- Genre: Romance
- Created by: Camino Sánchez; Borja González Santaolalla; Diana Rojo;
- Directed by: Borja González Santaolalla
- Starring: Paula Usero; Carol Rovira;
- Country of origin: Spain
- Original language: Spanish
- No. of seasons: 4
- No. of episodes: 26

Production
- Executive producers: Montse García; Francisco Sierra; Lucía Alonso-Allende; Ignacio García Alonso;
- Running time: c. 10 min (S. 1–3); c. 30 min (S. 4);
- Production companies: Atresmedia TV; Diagonal TV [es];

Original release
- Network: Atresplayer Premium
- Release: 14 February 2020

Related
- Amar es para siempre;

= Luimelia =

Television series

1. Luimelia is a Spanish lesbian romance television series starring Paula Usero and Carol Rovira.
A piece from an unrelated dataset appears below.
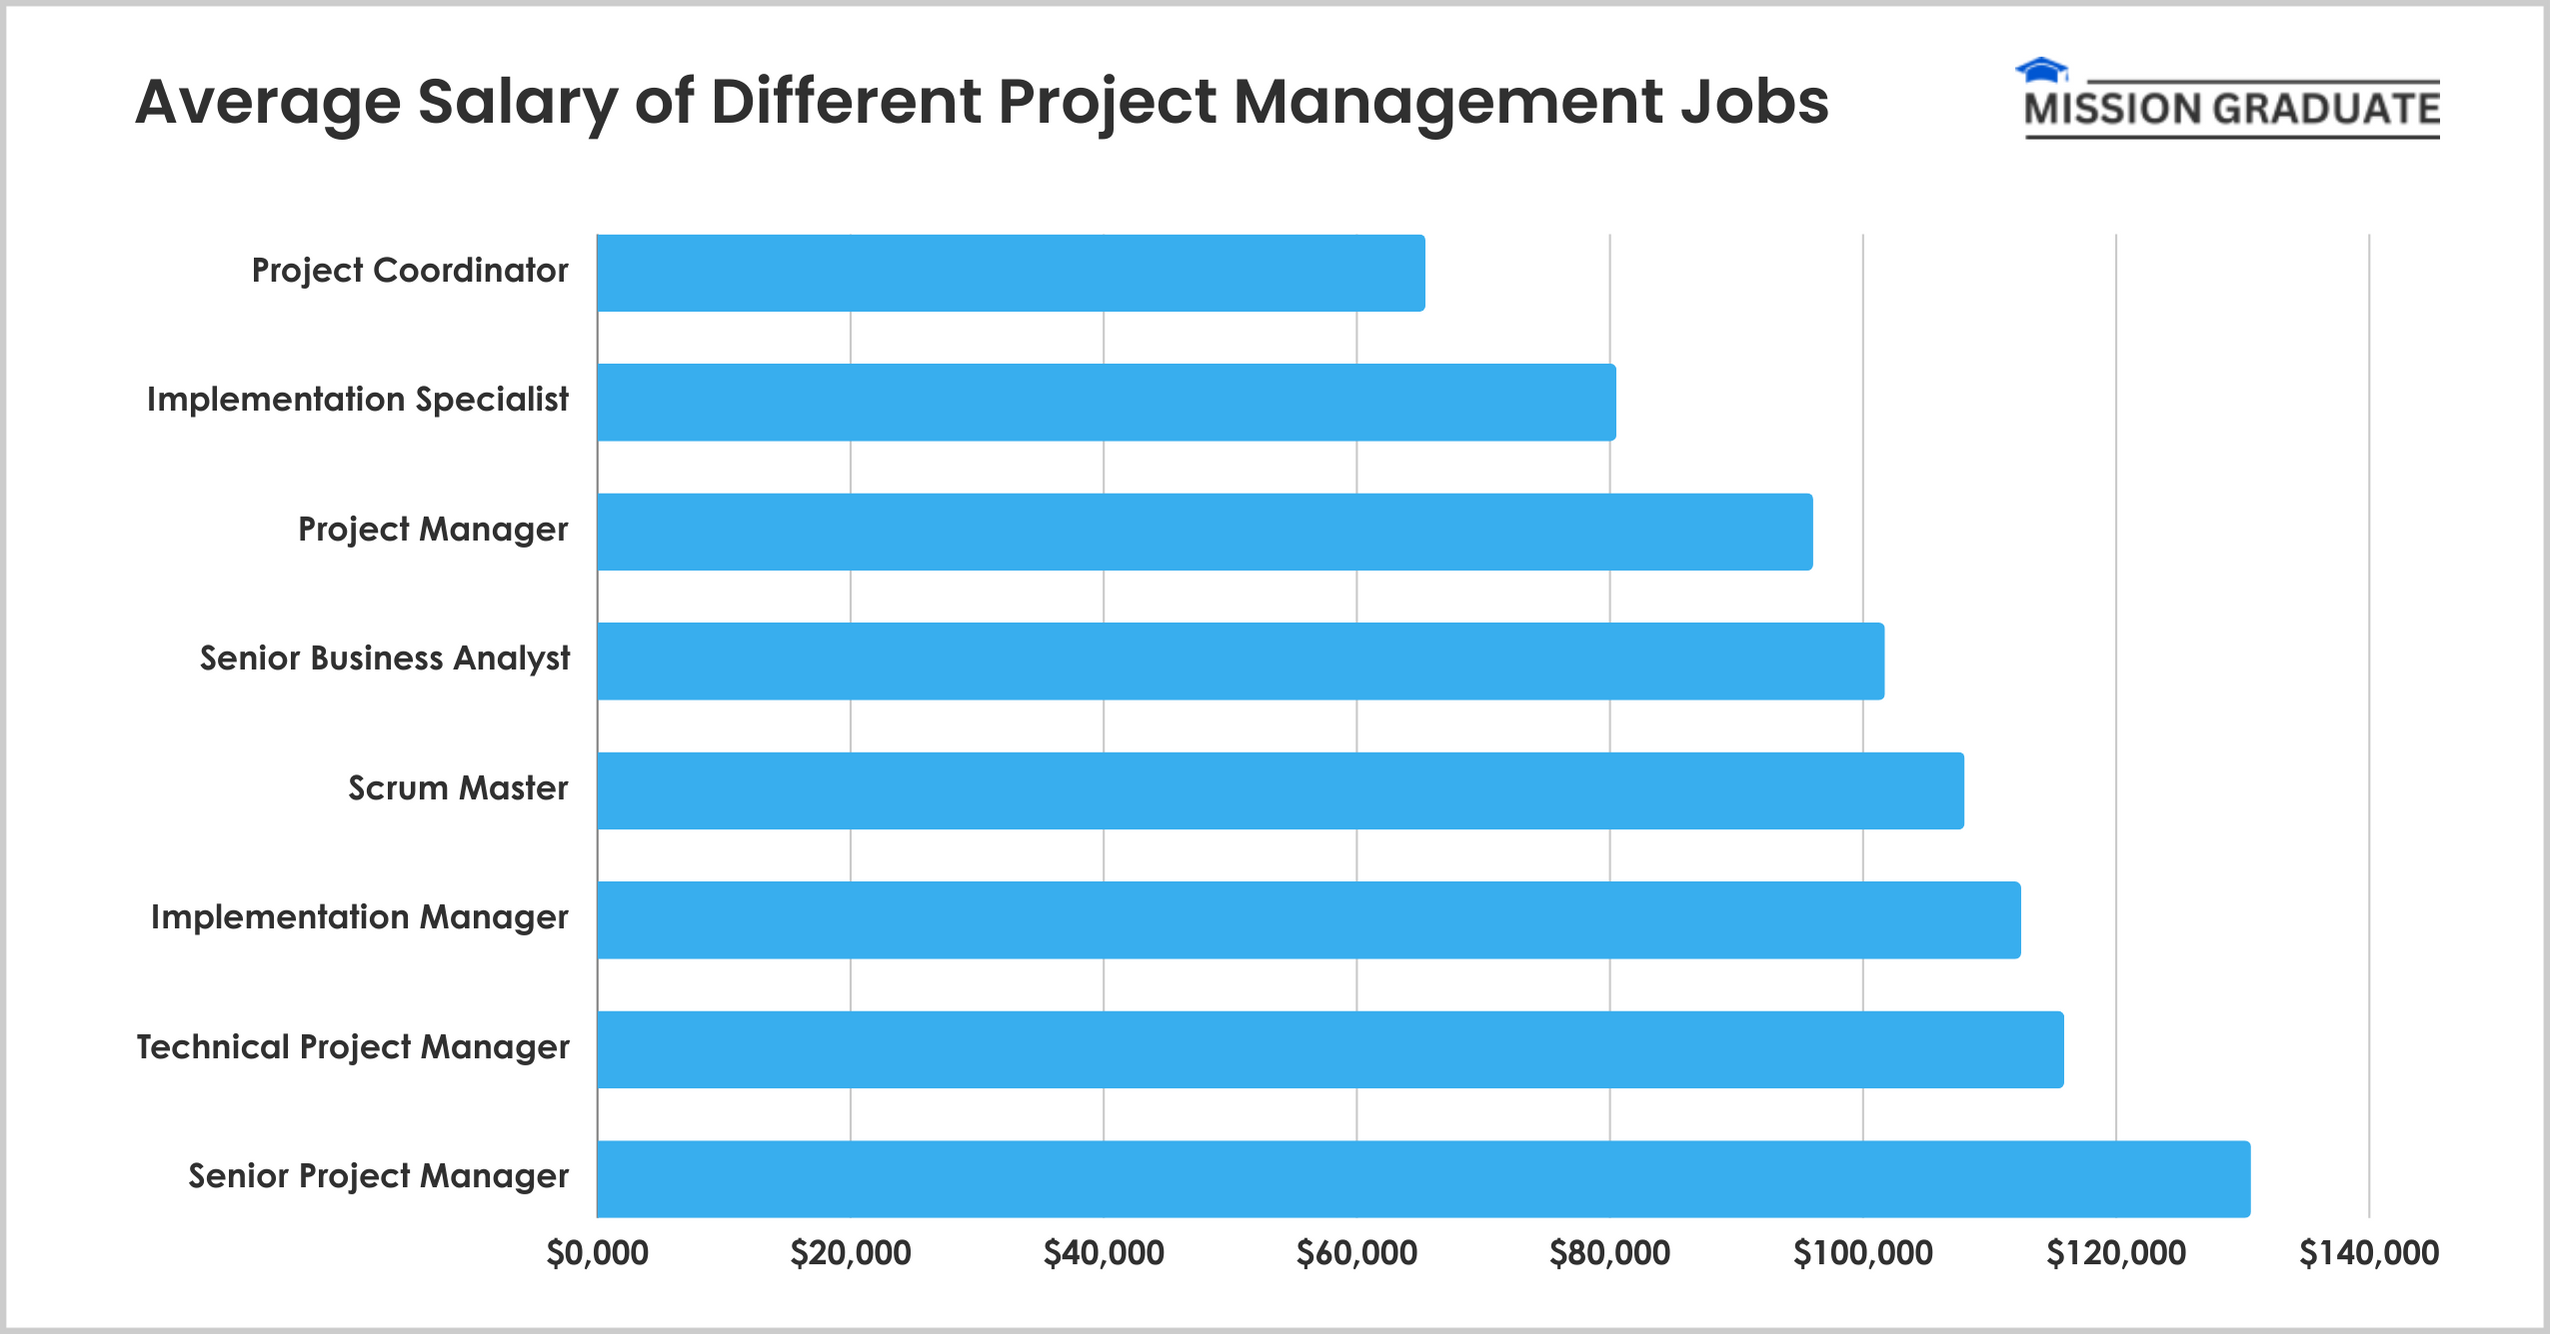 Average Salary of Different Project Management Jobs

It began airing on Atresplayer Premium on 14 February 2020.

== Premise ==
1. Luimelia is a spin-off of the period serial drama Amar es para siempre. It rescues two iconic characters, the lesbian couple formed by Luisita and Amelia, and transfers them forward from the late 1970s to current day, while being played by the same actresses. The project was driven by the strong momentum of fandom's shipping behind the two characters in the period drama series.

== Cast ==
===Starring===
- Paula Usero as Luisita Gómez.
- Carol Rovira as Amelia Ledesma.
== Production and release ==
1. Luimelia is based on an original idea by Camino Sánchez, Borja González Santaolalla and Diana Rojo. Produced by Atresmedia and Diagonal TV, the filming of the series began in Madrid by November 2019. Montse García, Francisco Sierra, Lucía Alonso-Allende and Ignacio García Alonso were credited as executive producers and Borja González Santaolalla as director.
The first season premiered on Atresplayer Premium on 14 February 2020. The second season began airing on 16 August 2020, whereas the third season began airing on 17 January 2021. Consisting of 8 episodes, season 4 features an extended running time of around 30 minutes per episode. Its premiere date is slated for 25 July 2021.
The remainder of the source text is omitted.